Monday, Jul. 26, 2004 - 9:20 AM

LONDON, July 26 (AFP) - Two British museums warned Monday that international cooperation could be at risk after the earliest known Aboriginal bark etchings and a ceremonial headdress were seized while on a loan at an exhibition in Australia.

The Dja Dja Wurrung, an Aboriginal tribe originally inhabiting the Bendigo region of central Victoria, have secured an emergency declaration order preventing the return of the artefacts to Britain.

Made by Dja Dja Wurrung ancestors 150 years ago, the fire-blackened etchings and the headdress were loaned in March to Melbourne's Museum Victoria by the British Museum and the Royal Botanic Gardens at Kew, west London.

"The emergency declaration puts at risk the very legal framework that allows such exhibitions to take place drawing on loans from Europe and America, " said a joint press statement from the two British museums.

Thought to be the earliest in existence, the Aboriginal bark etchings depict images from the 1850s including kangaroos and hunting scenes.

They were due to return to London this week from the "Etched on Bark" exhibition.

The Times newspaper reported Monday that the seizure of the artefacts has sent a tremor through the international museum community because it will have such an impact on future loans to exhibitions.

"I can understand the motivation of people in Australia in trying to seize the items, but it adds to the difficulty of international lending generally," Maurice Davies, deputy director of the Museums Association, which represents Britain's 1,500 public collections, told the newspaper.

"The world gets more litigious and more and more unacceptable things happen, such as physical threats to items because of terrorism," he said.

Under Australia's Aboriginal heritage laws, the emergency protection order can be extended indefinitely, but the 2,500-strong Dja Dja Wurrung are calling for a permanent order, the Times said.

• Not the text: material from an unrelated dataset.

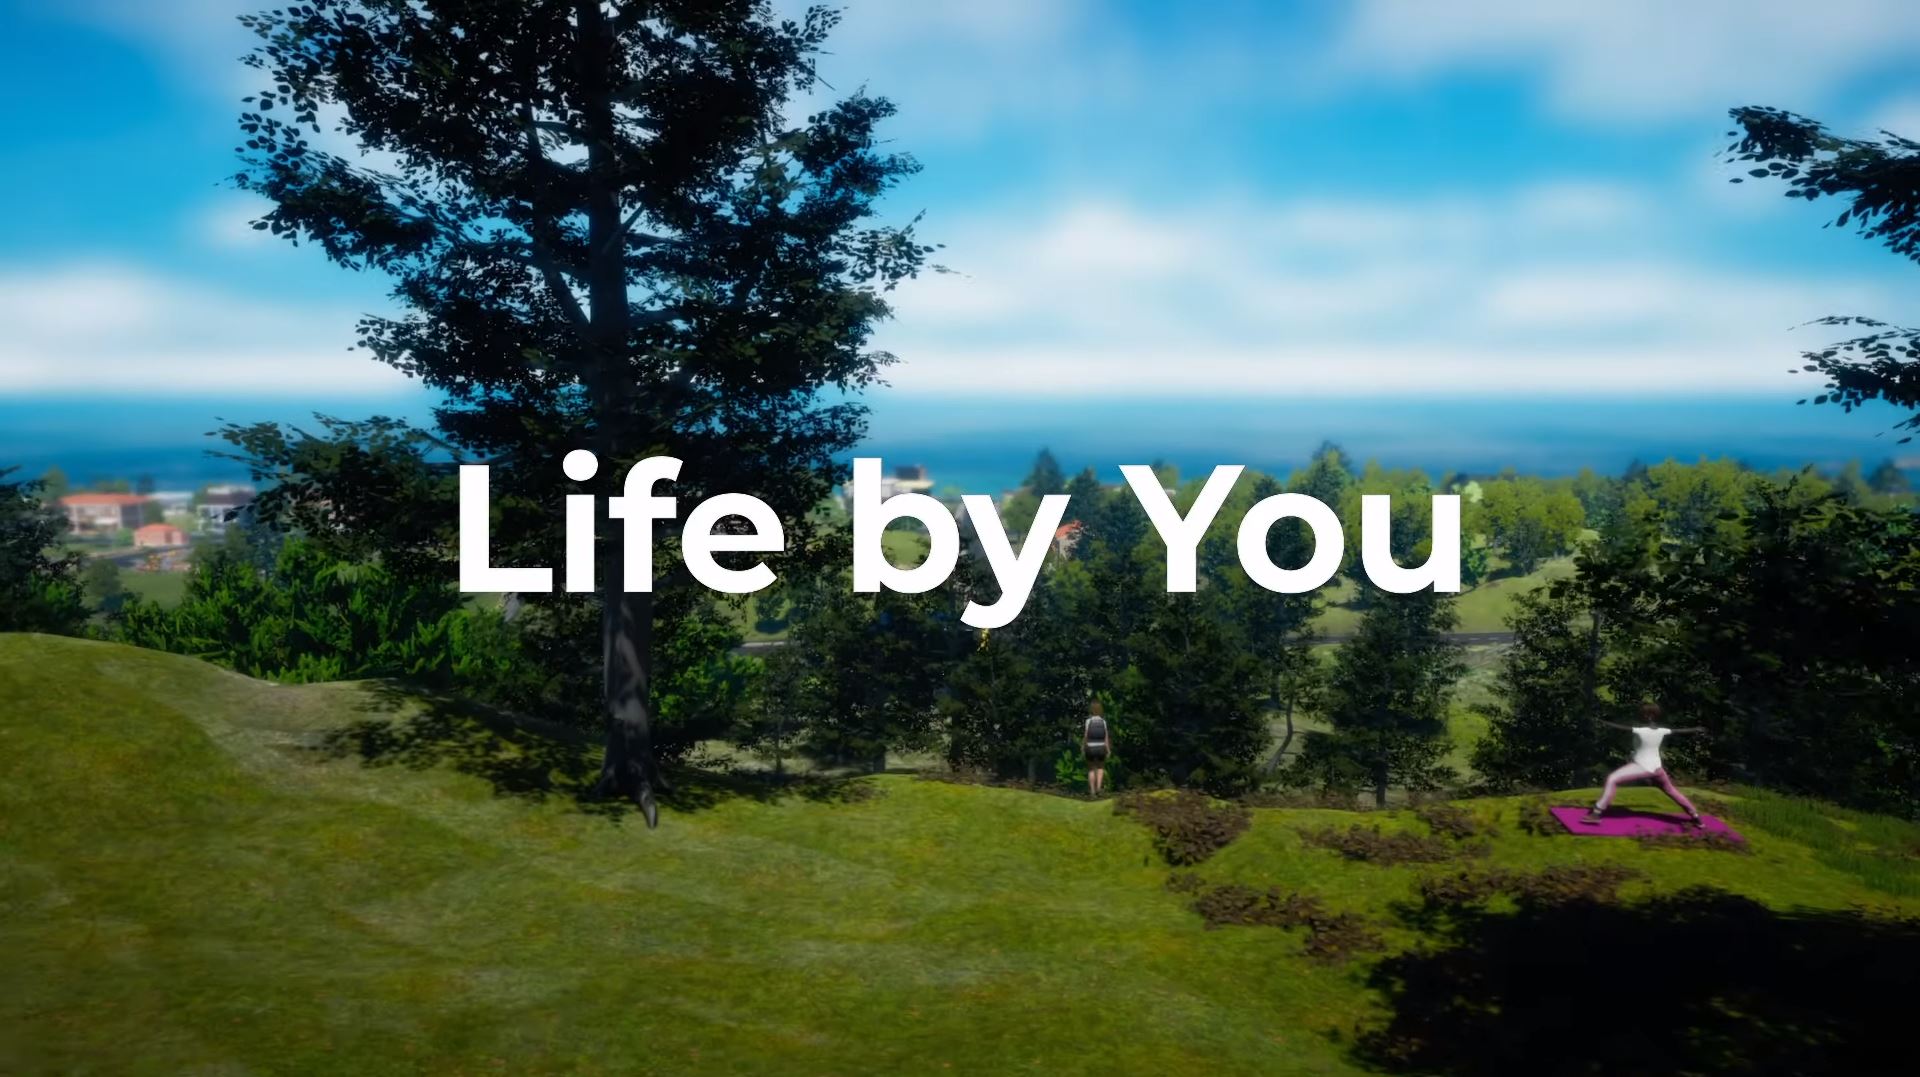 Клон The Sims всё же не увидит свет: Life By You закрыли спустя 5 лет разработки

"This matter is being resolved by the Museum Victoria and the Australian state and federal authorities," said a statement from the two British museums.

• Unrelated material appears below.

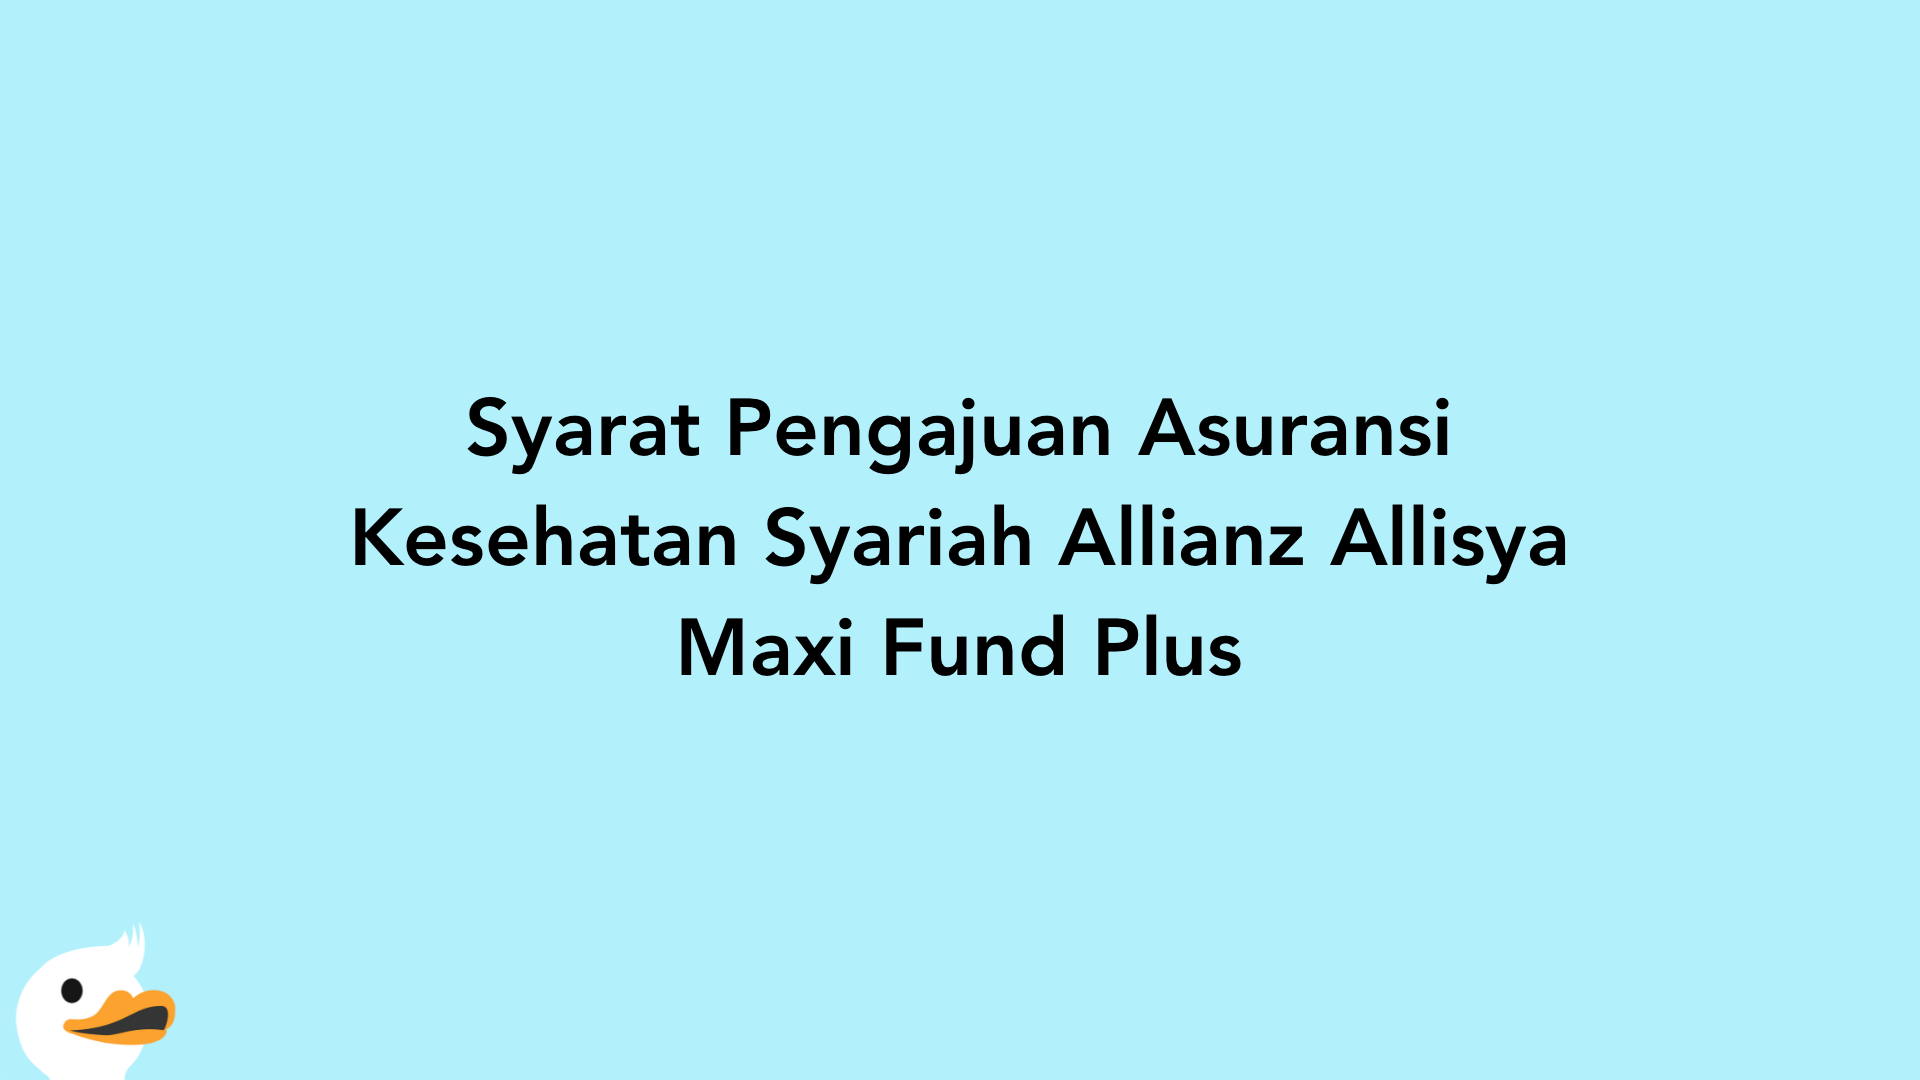 Syarat Pengajuan Asuransi Kesehatan Syariah Allianz Allisya Maxi Fund Plus

In Australia, Gary Murray, secretary to the Dja Dja Wurrung Native Title Group, which secured the order, was unrepentant.

"They (the artefacts) belong to Australia," he told the Times. "If we had your crown jewels, you'd be knocking our doors down."

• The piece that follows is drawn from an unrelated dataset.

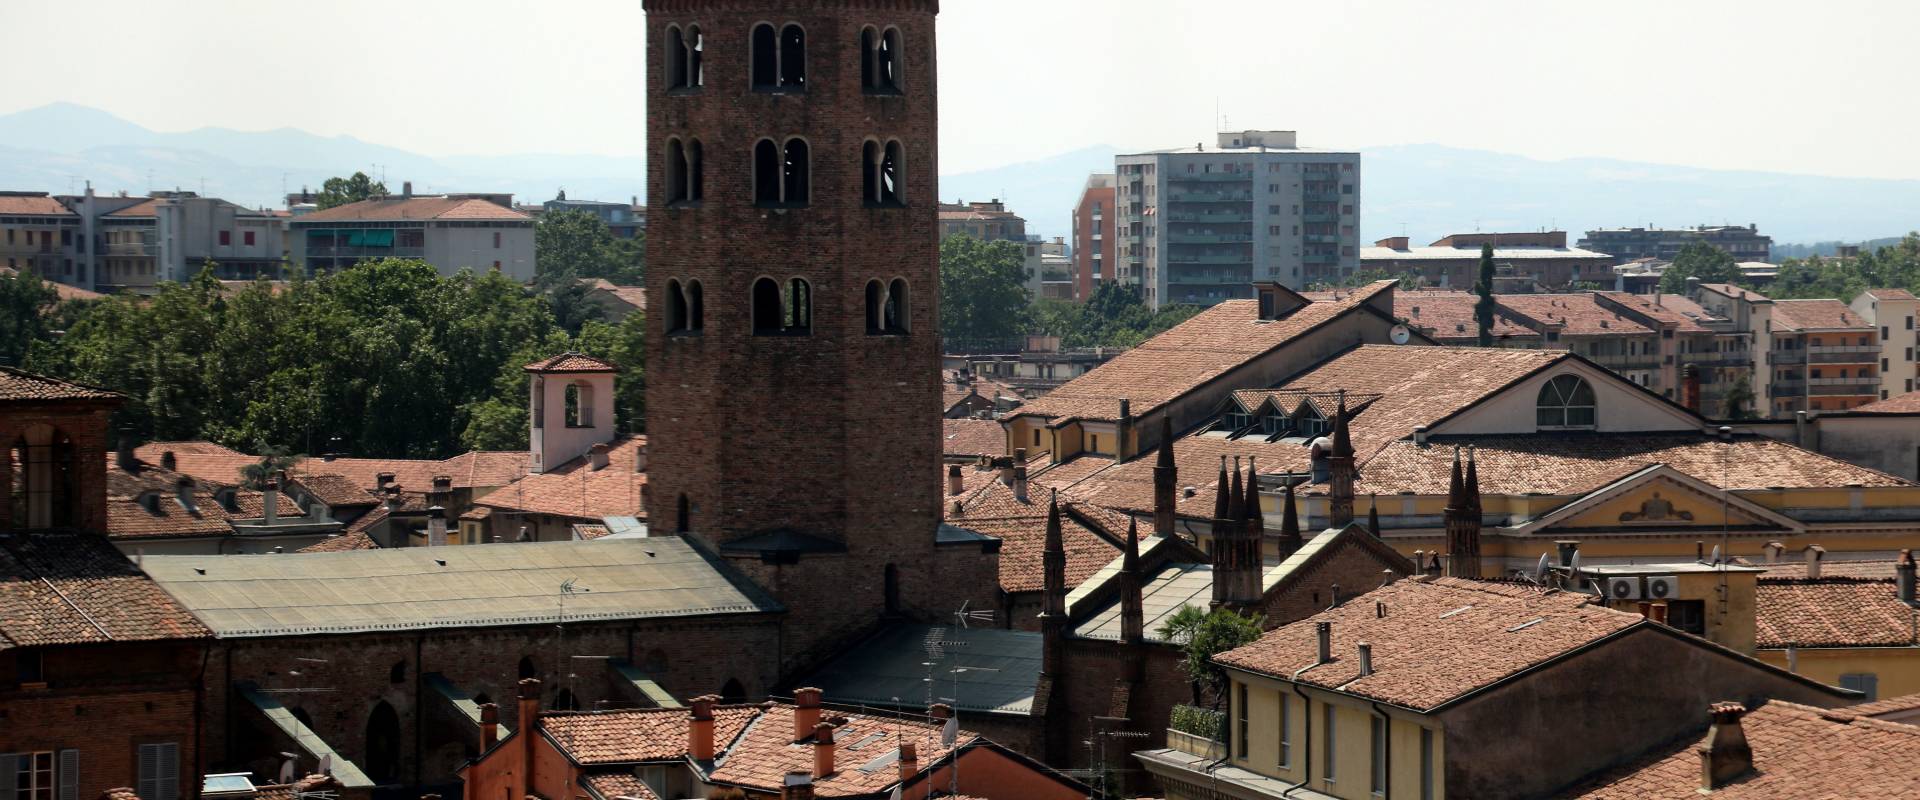 Basilica di Sant'Antonino (Piacenza), campanile 06 foto di Mongolo1984

"If the British museums want to invoke legal rights, we've got pro bono lawyers at a major law firm who are prepared to represent us," he said. "We are not fearful of the legal process. We're in for the long haul."

Murray is calling on Australian Prime Minister John Howard to ask the British government to return the barks and the hundreds of Aboriginal remains held by the Natural History Museum.

He is also due to write to Queen Elizabeth, who is head of state of both countries, and to British Prime Minister Tony Blair.